## Your task
Transcribe all the data below exactly, leaving its pictures out.

## Dataset section
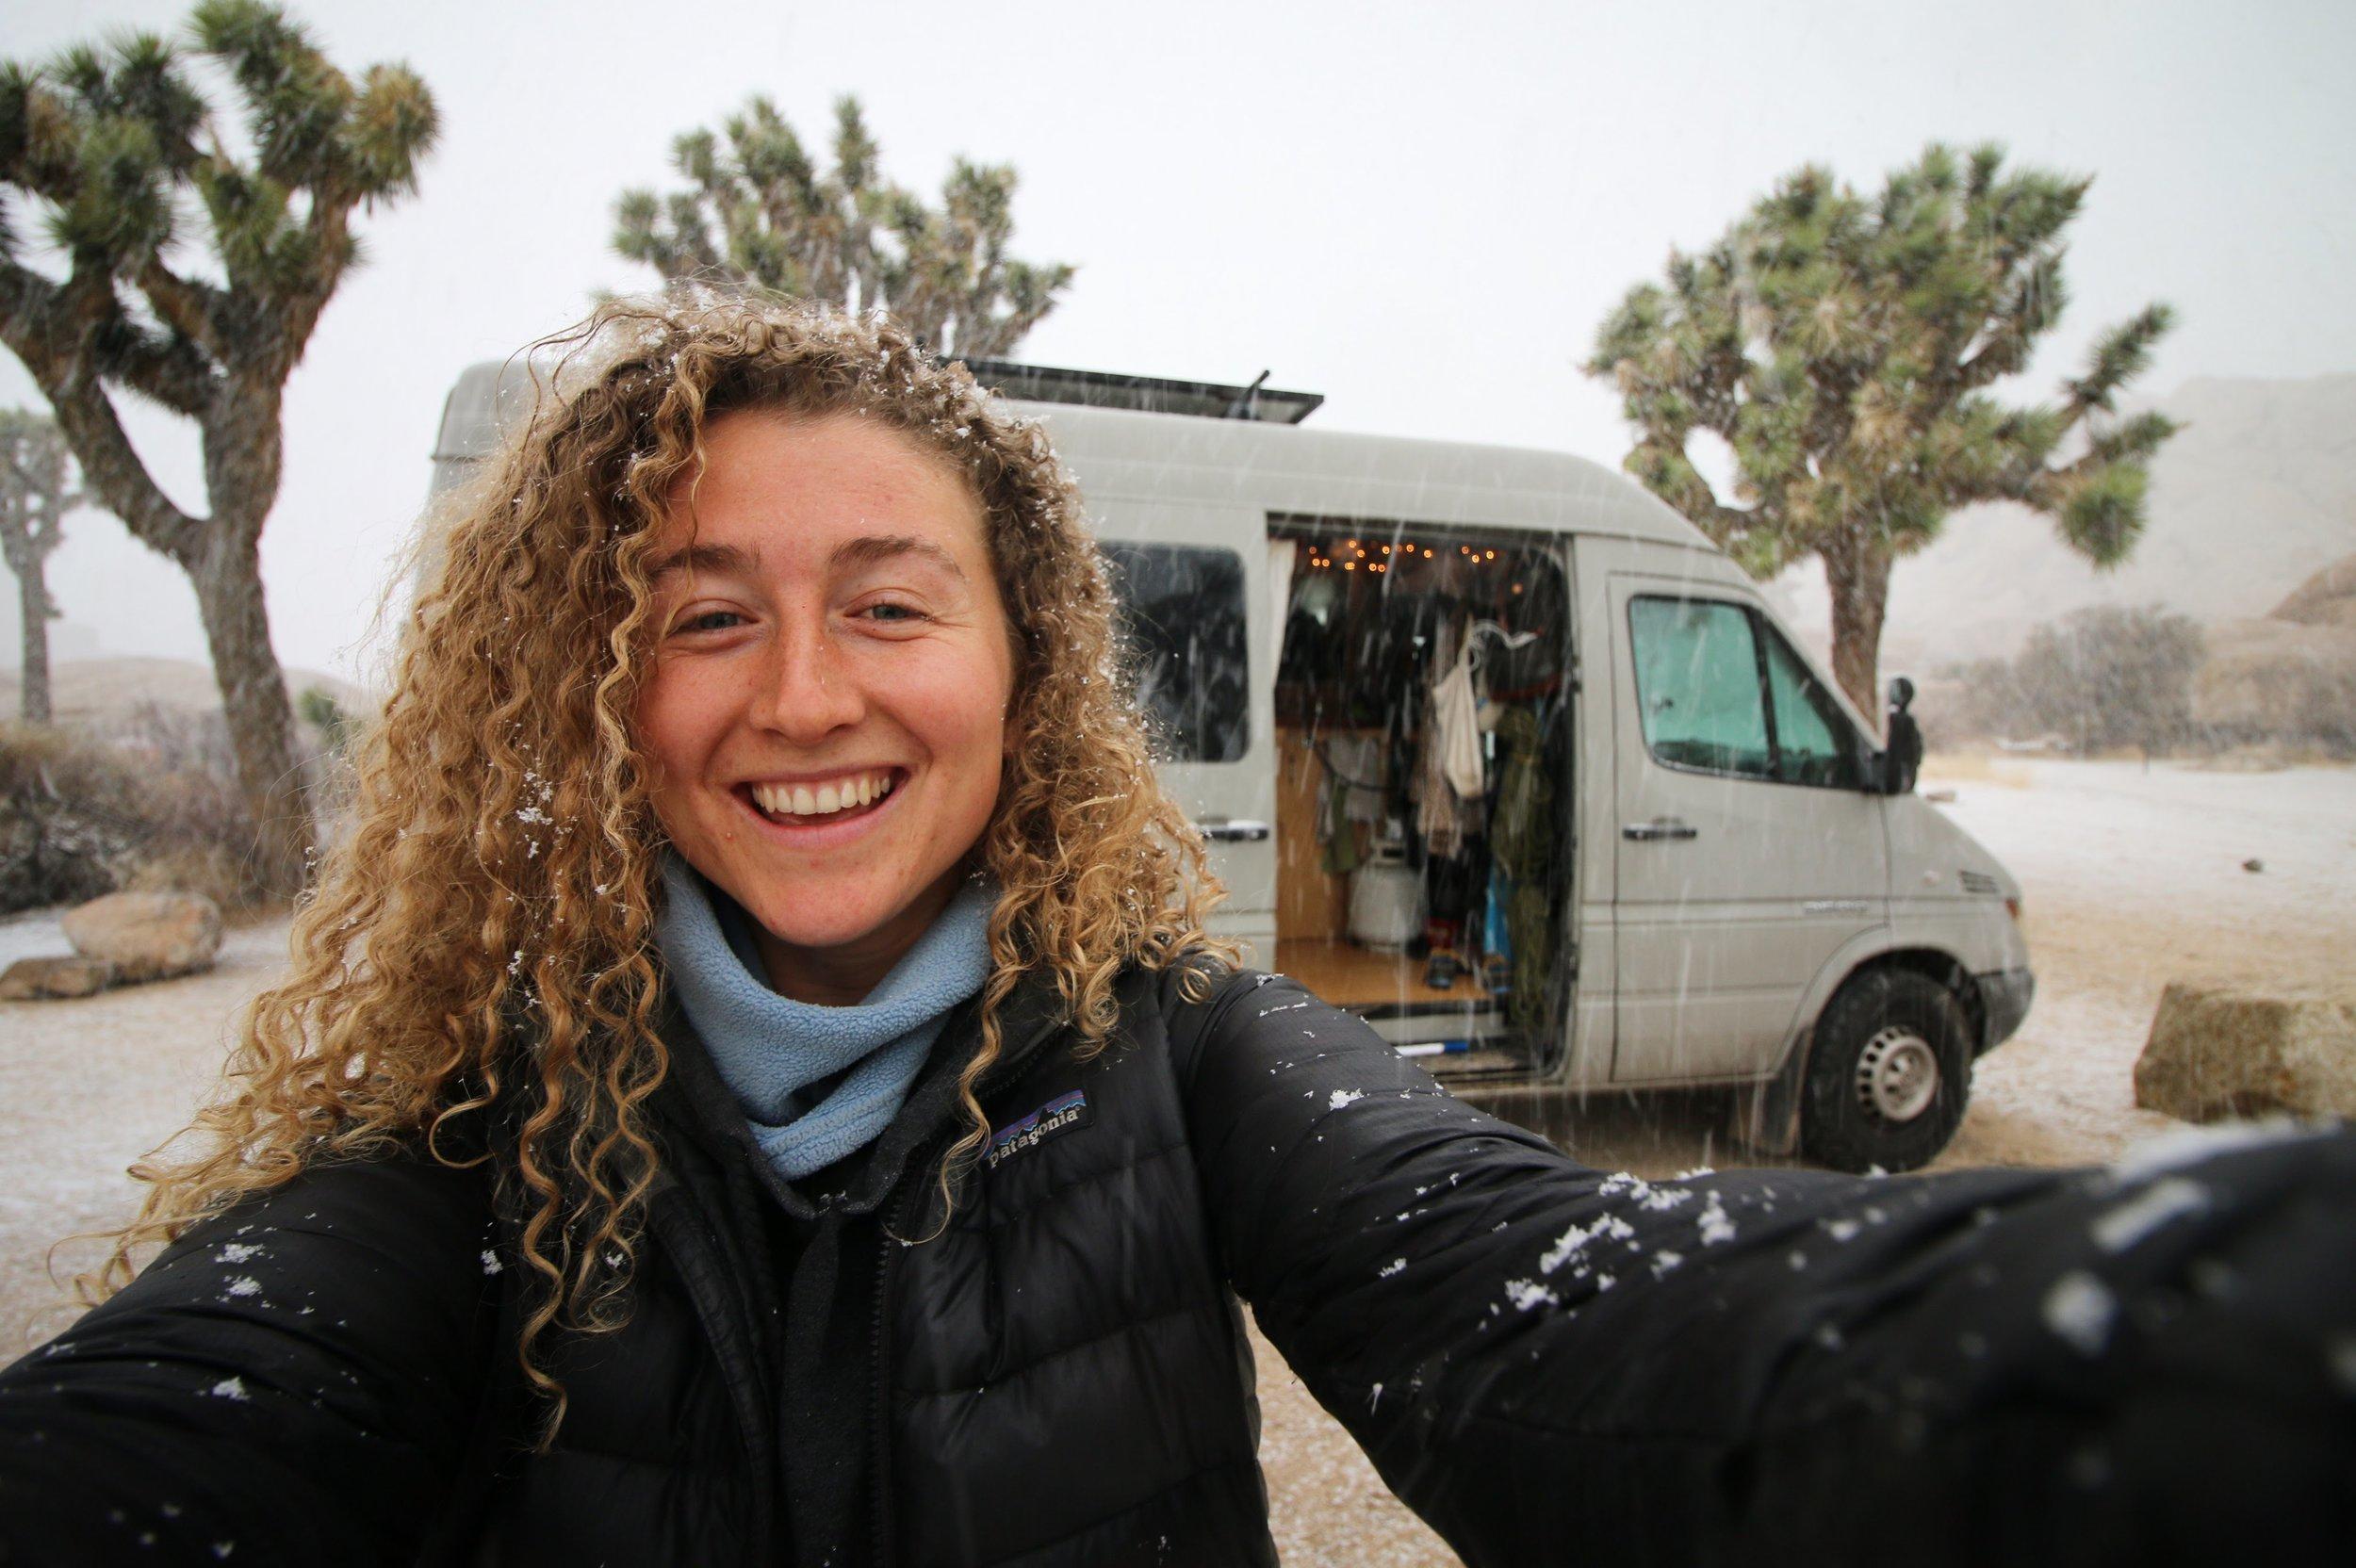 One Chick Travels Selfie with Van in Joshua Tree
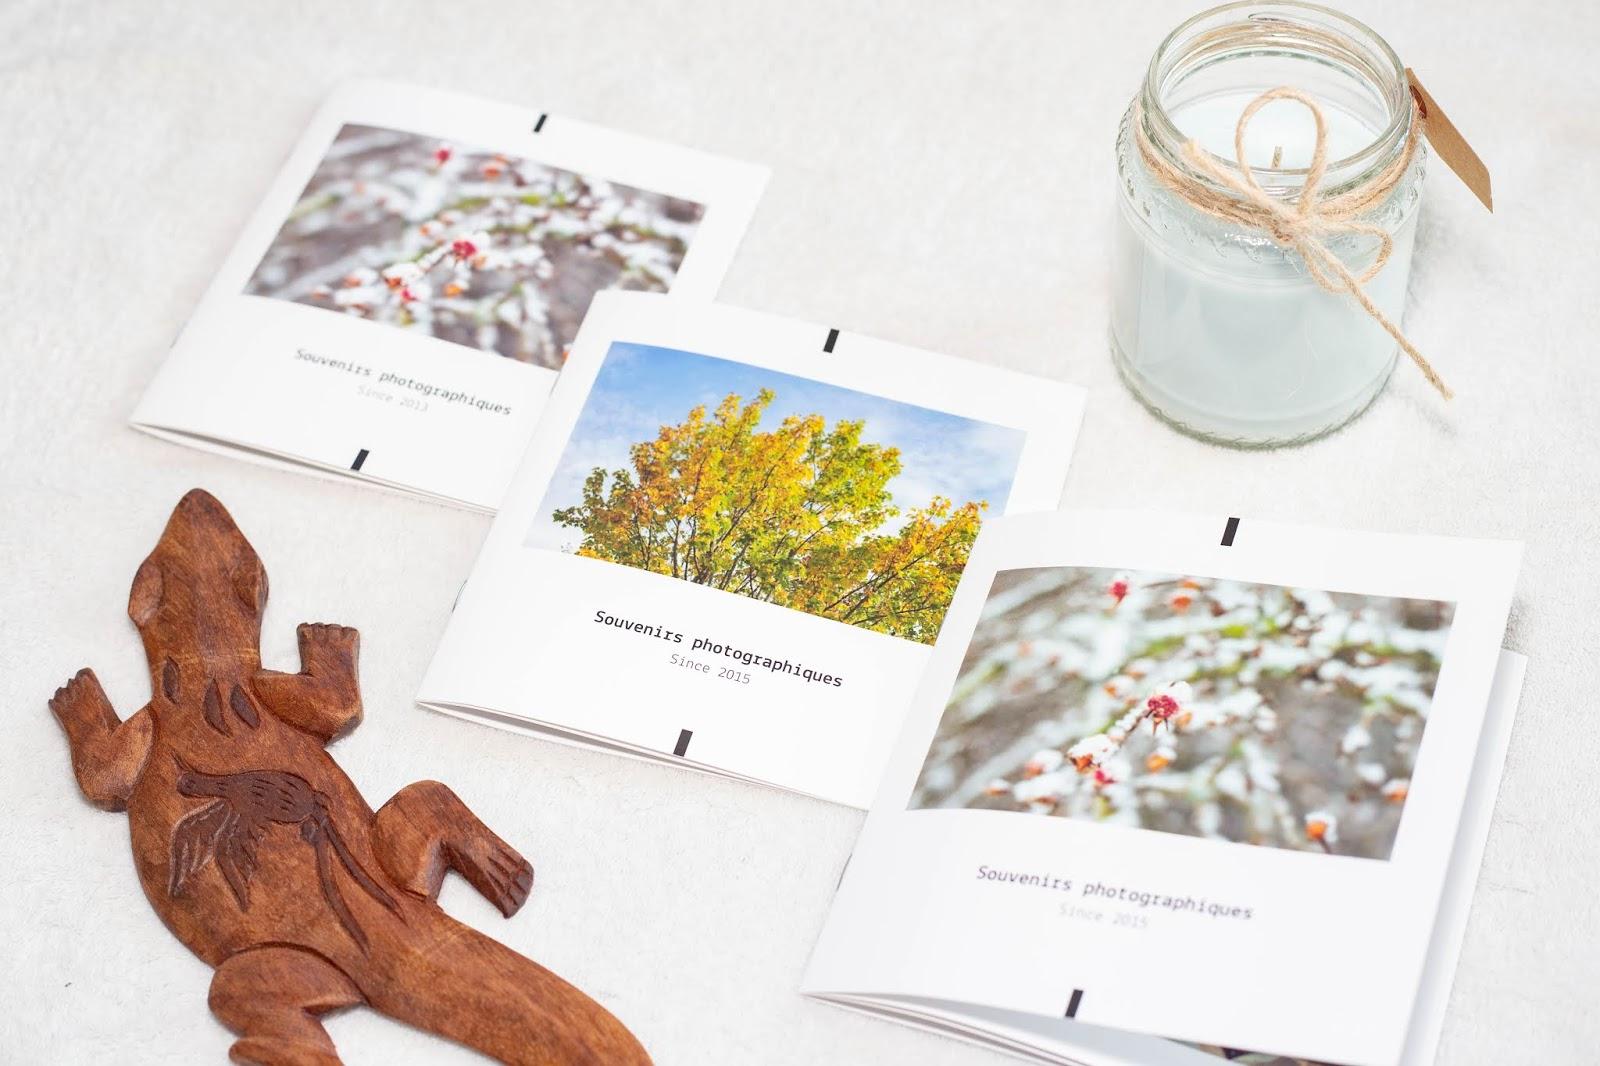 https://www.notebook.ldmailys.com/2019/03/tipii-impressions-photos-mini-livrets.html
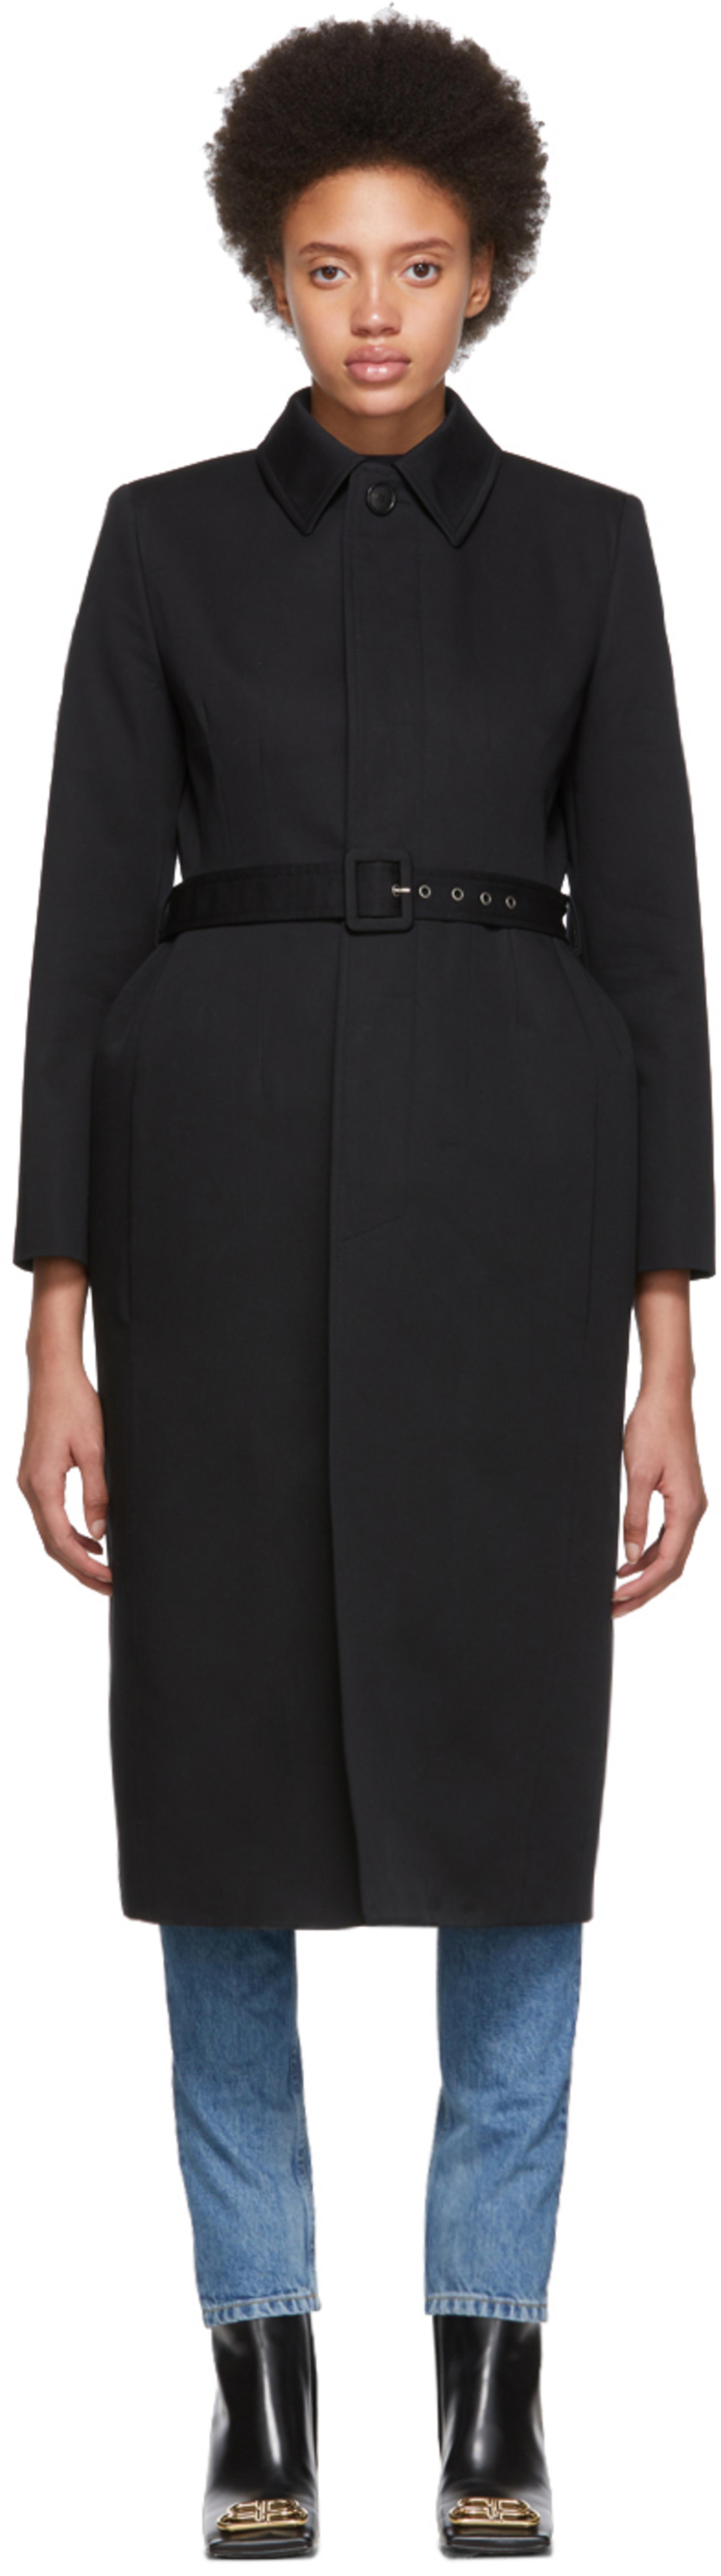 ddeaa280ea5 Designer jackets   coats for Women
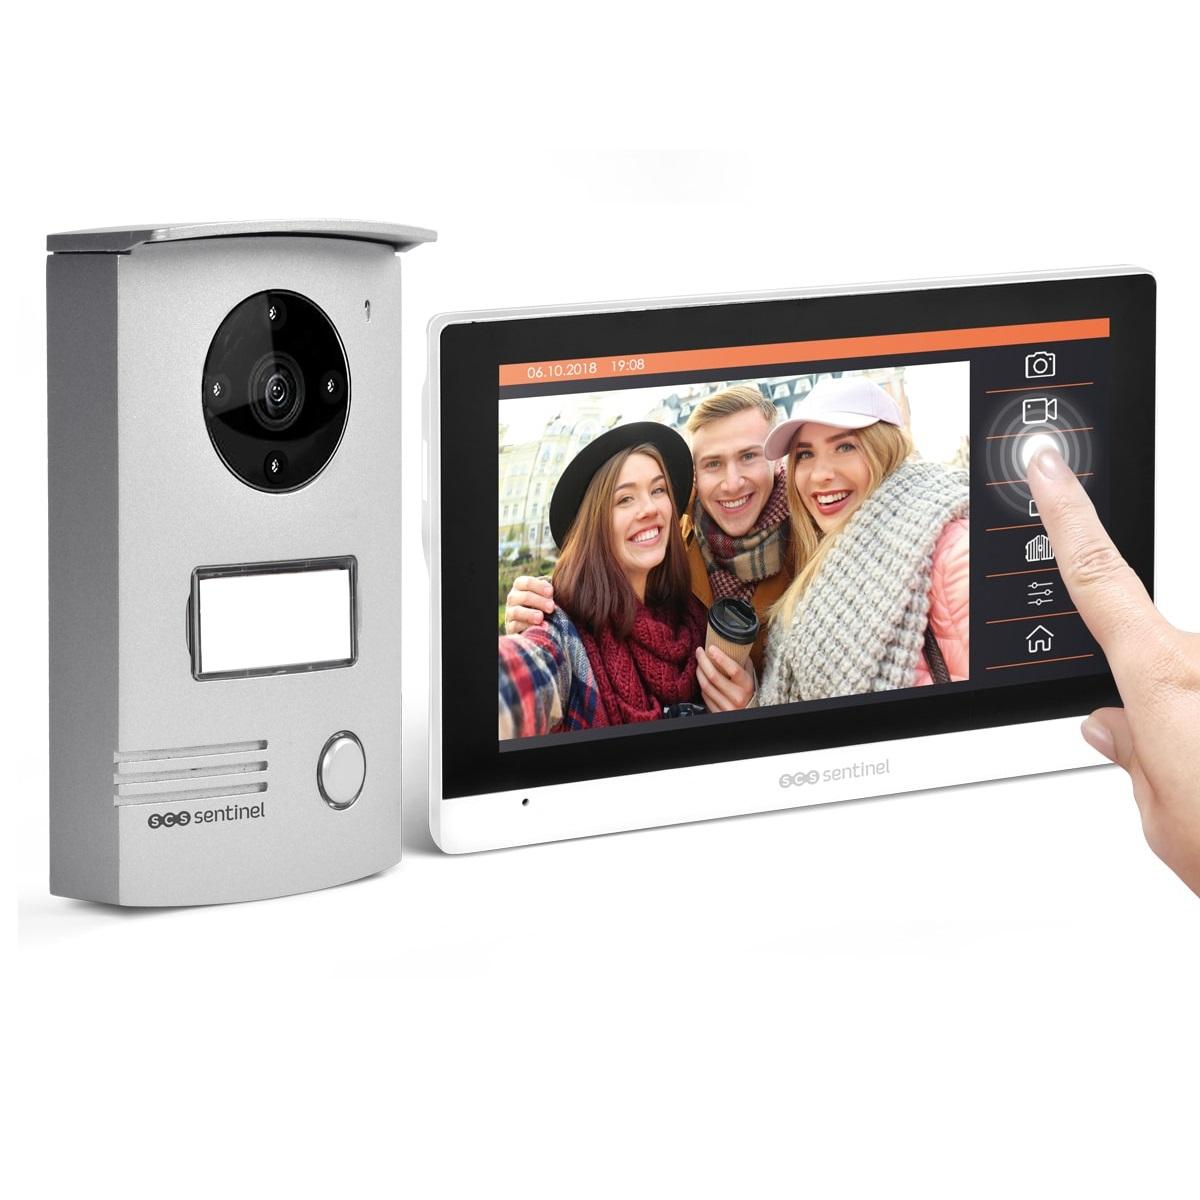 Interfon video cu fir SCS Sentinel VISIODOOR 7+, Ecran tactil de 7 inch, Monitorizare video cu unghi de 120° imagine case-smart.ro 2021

## The completed task
 One Chick Travels Selfie with Van in Joshua Tree
 https://www.notebook.ldmailys.com/2019/03/tipii-impressions-photos-mini-livrets.html
 ddeaa280ea5 Designer jackets   coats for Women
 Interfon video cu fir SCS Sentinel VISIODOOR 7+, Ecran tactil de 7 inch, Monitorizare video cu unghi de 120° imagine case-smart.ro 2021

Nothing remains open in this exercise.